Monday’s ruling concludes a roller coaster of a scandal that took gender relations in Korea to a place they had never been before. After Kim Ji-eun revealed she was a victim of An’s abuse in a live interview with JTBC in March last year, dozens of women went public with sex abuse claims against a variety of high-profile figures in a mass movement that made 2018 the year of Korea’s Me Too movement.
In August 2018, however, a district court acquitted An of rape and sexual assault by casting doubt on Kim’s testimony and the supposed “dissociative state” she claimed she was in when she was a victim of his abuse.
The case took a major turn last February, when the Seoul High Court reversed this decision and placed An under immediate detention while sentencing him to three and half years in prison for rape and sexual assault. Nine of the 10 charges of sexual assault claims by Kim were accepted by the court, which acknowledged that Kim’s testimony in the case was “natural” and that she had no reason to falsely accuse An and would not benefit from his downfall.
The court dismissed most of the testimony by An, particularly his argument that the sexual relationship was consensual. The fact that he repeatedly changed his testimony throughout his trials, as well as the fact that he had apologized to Kim, showed that their sexual relations were against her will, the court said.
The Supreme Court on Monday upheld the entirety of the Seoul High Court’s verdict, adding that while An may not have used physical force, his social, economic and political position placed him in a position to exert power over Kim and render her vulnerable to sexual abuse.
Yet among judicial analysts and observers of Korea’s court system, the logic presented by the Supreme Court in An’s sentencing is expected to generate controversy, particularly due to the shaky legal foundation behind the principle of “gender sensitivity” that some say is an example of judicial activism.

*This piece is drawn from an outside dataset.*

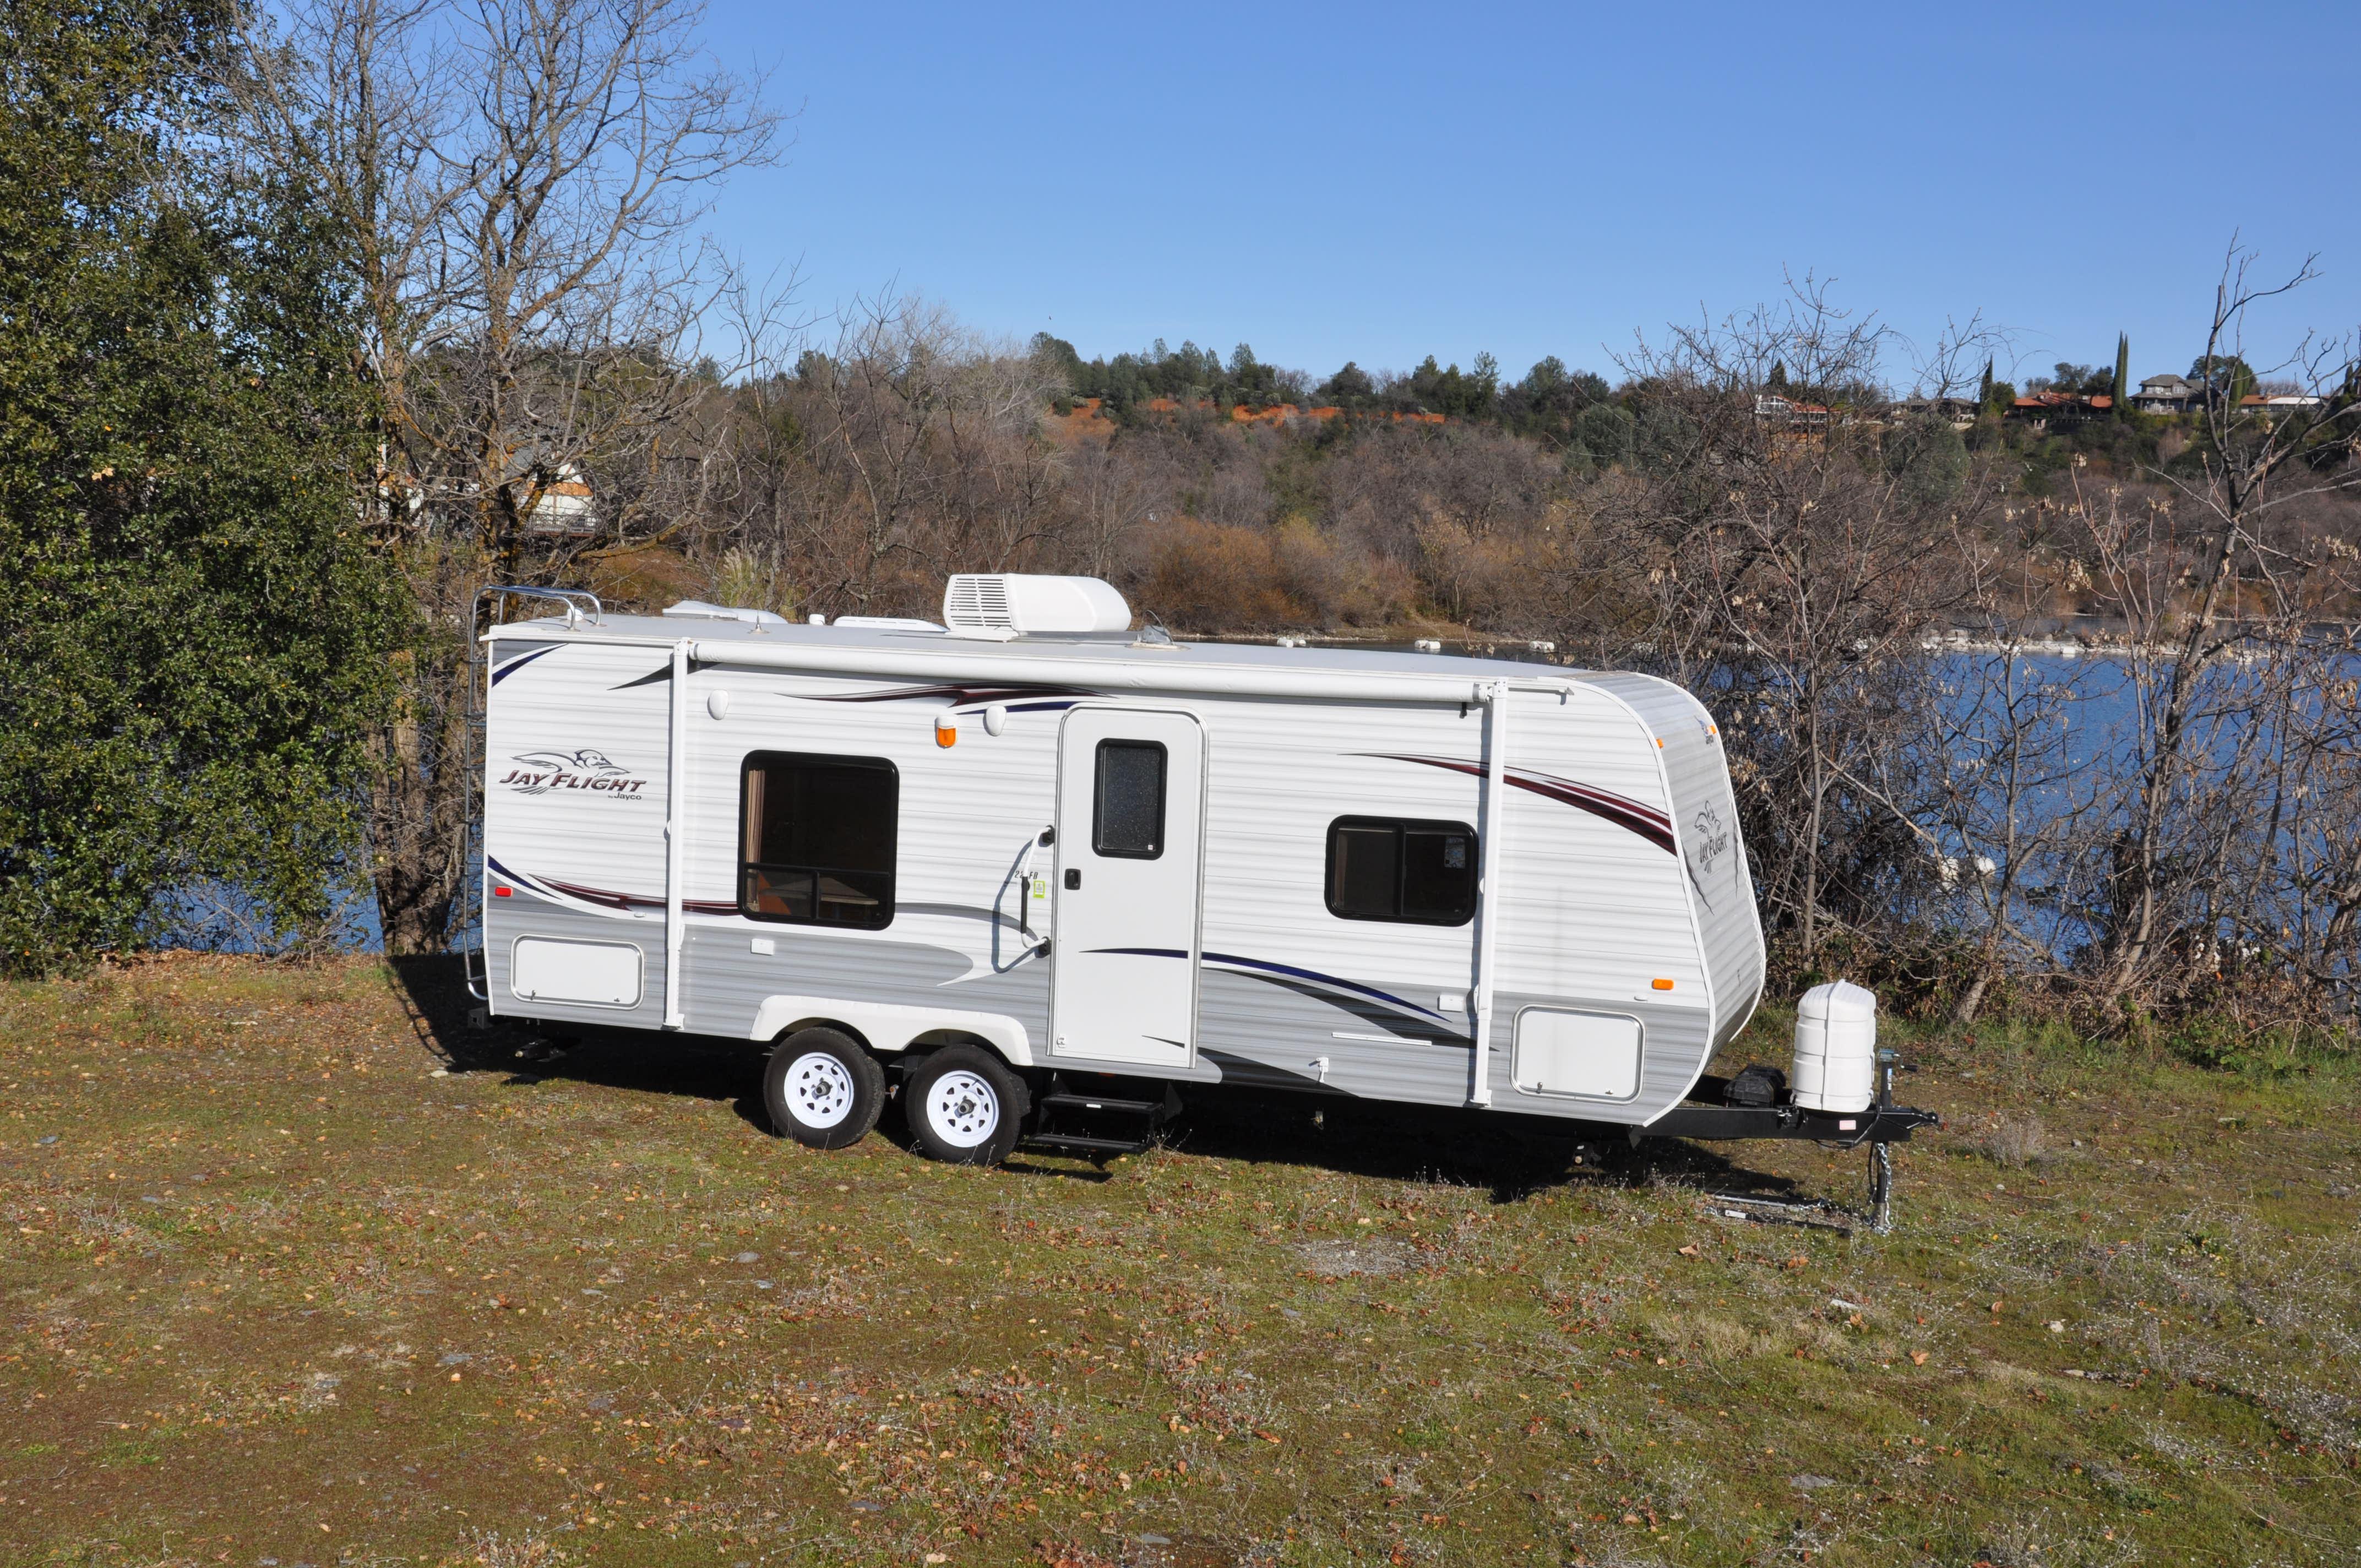 trailer-rentals-redding-california-towtally-camping-towtally-camping-4288x2848

Since it first emerged in the court lexicon in April 2018, “gender sensitivity” has become a term that loosely embodies the principle that the standards of evidence admissibility from women in sexual abuse cases should be relaxed since women are a social minority.
That notion remains a subject of intense disagreement among judges and lawyers, with many arguing it represents an attempt by courts to take an activist role in rectifying gender equality in society rather than serve as an objective barometer for evaluating criminal cases.
According to a report by The Korea Economic Daily from April, out of the 57 cases this year in which “gender sensitivity” was cited by the court, the female plaintiff won 56 cases - an unprecedented win rate for a single legal principle.
The verdict in An’s trial was met with jubilation by the feminist activists waiting outside the Supreme Court Monday. Thanking the court for upholding the rights of women, speakers said their 554-day struggle was vindicated by the decision, which they said would be recorded as a “new day” in which women attained a new form of justice.
Kim’s statement was the last word at the gathering, read out loud by an activist leader.
“Now I wish to return to my daily life,” her statement read. “I want to end all sorts of lies that inflict a secondary pain on me and return to the life of a regular worker.”